How Fund Managers Are Compensated
Management Fees: The primary source of income for mutual fund managers is the management fee, which is typically a percentage of the total assets under management (AUM). AUM refers to the total market value of the investments that a mutual fund or investment company manages on behalf of its clients. This fee is charged regardless of the fund’s performance. Yes, you read that right… the business charges the fee irrespective of the result. This leads to a fairly perverse outcome, but we’ll return to this a bit further down in this rant. As an example, if a fund has AUM of $2 billion and the management fee is 1%, the fund manager earns $20 million annually, even if the fund’s performance is mediocre, poor, or down right terrible. I know… how can you get that job right?
Administrative Fees: These fees cover the operational costs of running the fund, such as record-keeping, customer service, and regulatory compliance. Like management fees, these are also generally a fixed percentage of the AUM. Now, I know what you’re thinking… since when does a business get to pass all of the operational costs on to the client in order to protect the fees that they charge for doing the job no matter the outcome?
Performance Fees: Some mutual funds charge performance fees, which are additional fees that funds charge based on the returns they generate for investors. Stop laughing… a few mutual funds do tie a small portion of their fee structure to performance. However, these are less common in mutual funds as compared to hedge funds. And again, even when performance fees are present, they’re usually a smaller component of the fund manager’s total compensation.
The Incentive Structure
Given that management and administrative fees are tied to the AUM rather than the fund’s performance, fund managers have a strong incentive to attract and retain investors’ money. This can sometimes lead to a focus on marketing and maintaining a stable asset base through risk avoidance rather than focusing on following a bold [if still pretty conservative] strategy that could potentially yield higher returns.
Implications for Traders
Long-Term Perspective: Investors should be aware that while fund managers aim to achieve good returns, their compensation structure might influence their investment strategies. Managers might prefer safer, more conservative investments to avoid significant losses that could lead to investor withdrawals.
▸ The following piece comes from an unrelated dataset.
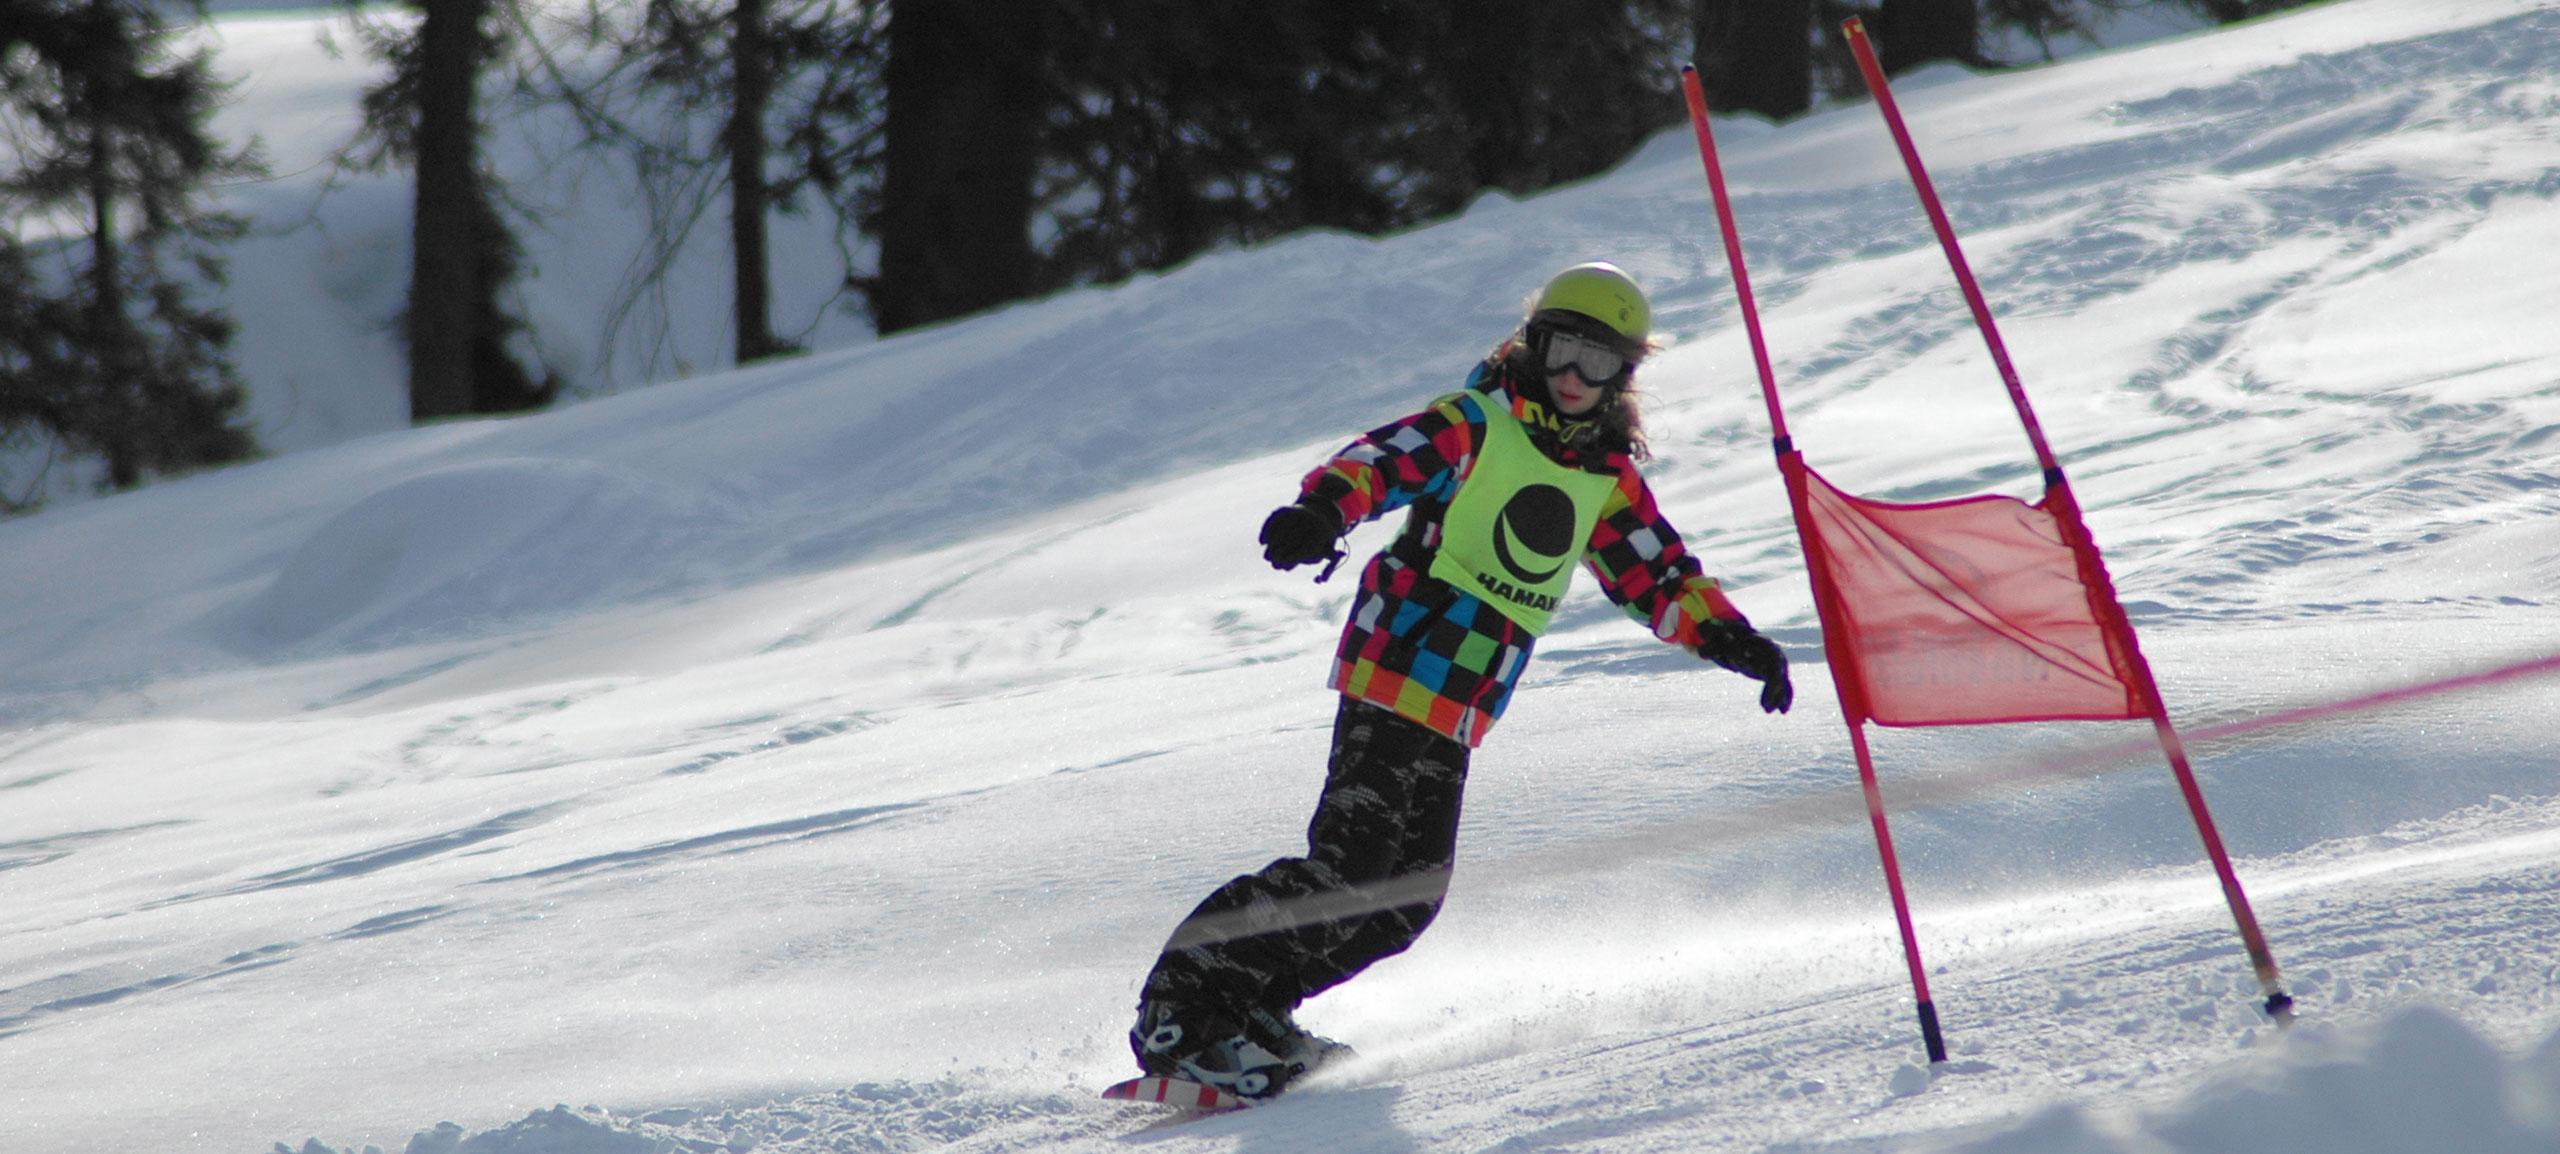 POLSKA – HAMAK SNOWBOARD CAMP – 2020
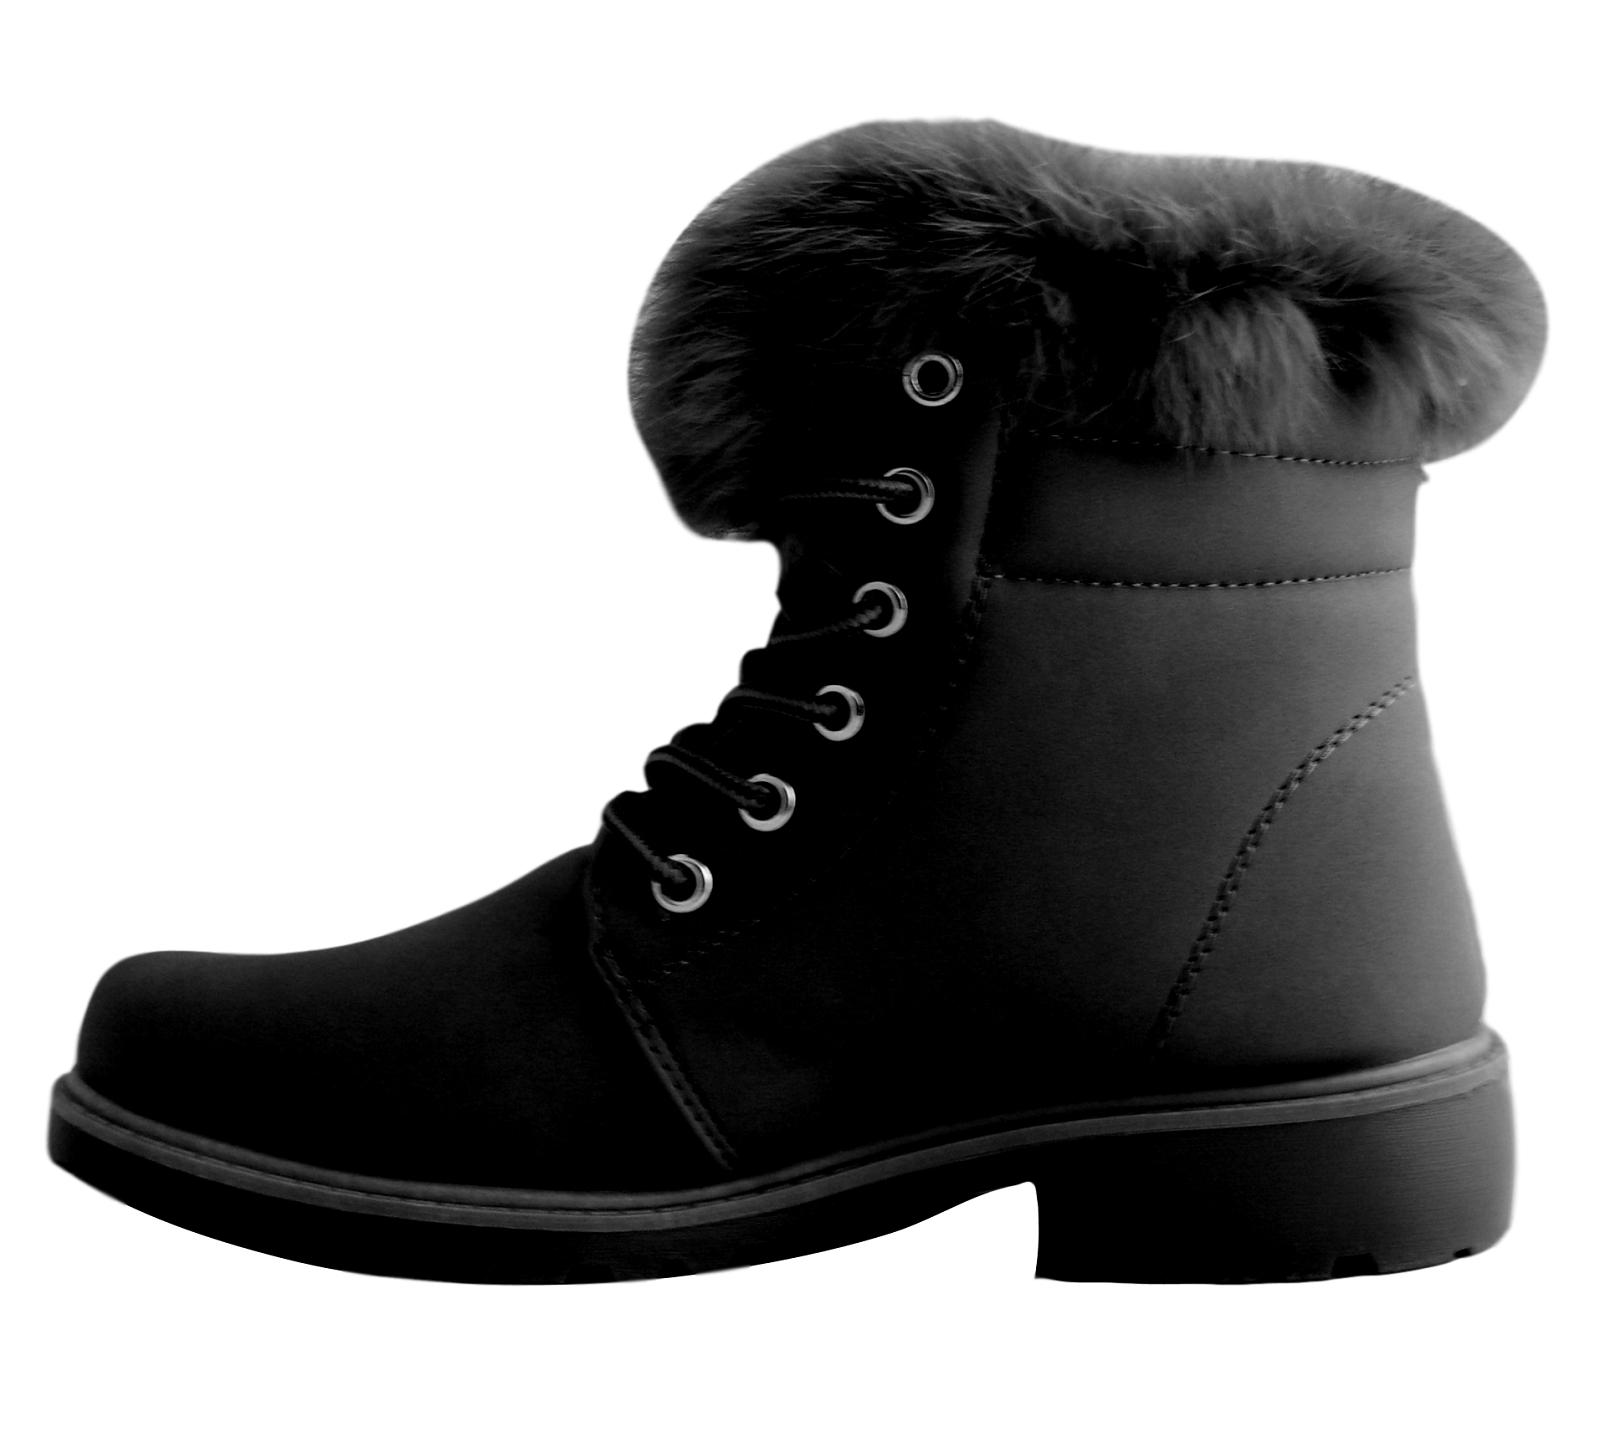 Scarpe-Donna-Invernali-Stivaletti-Pelle-Stivali-Imbottiti-Anfibi-Caldi-Scarponi miniatura 13

Fee Awareness: Understanding the fee structure is crucial. High fees can erode returns over time, so it’s important to compare the fees of different mutual funds and consider how they impact your overall investment.
Performance Evaluation: Look beyond short-term performance. Evaluate the fund’s performance over multiple market cycles and consider how it aligns with your investment goals.
Conclusion
While mutual fund managers do strive to make money for their investors, their primary source of income comes from keeping your money under management. This doesn’t mean they don’t care about performance, but it does highlight the importance of understanding how their incentives might affect their investment decisions. As an investor, being informed about these dynamics can help you make better choices and align your investments with your financial goals.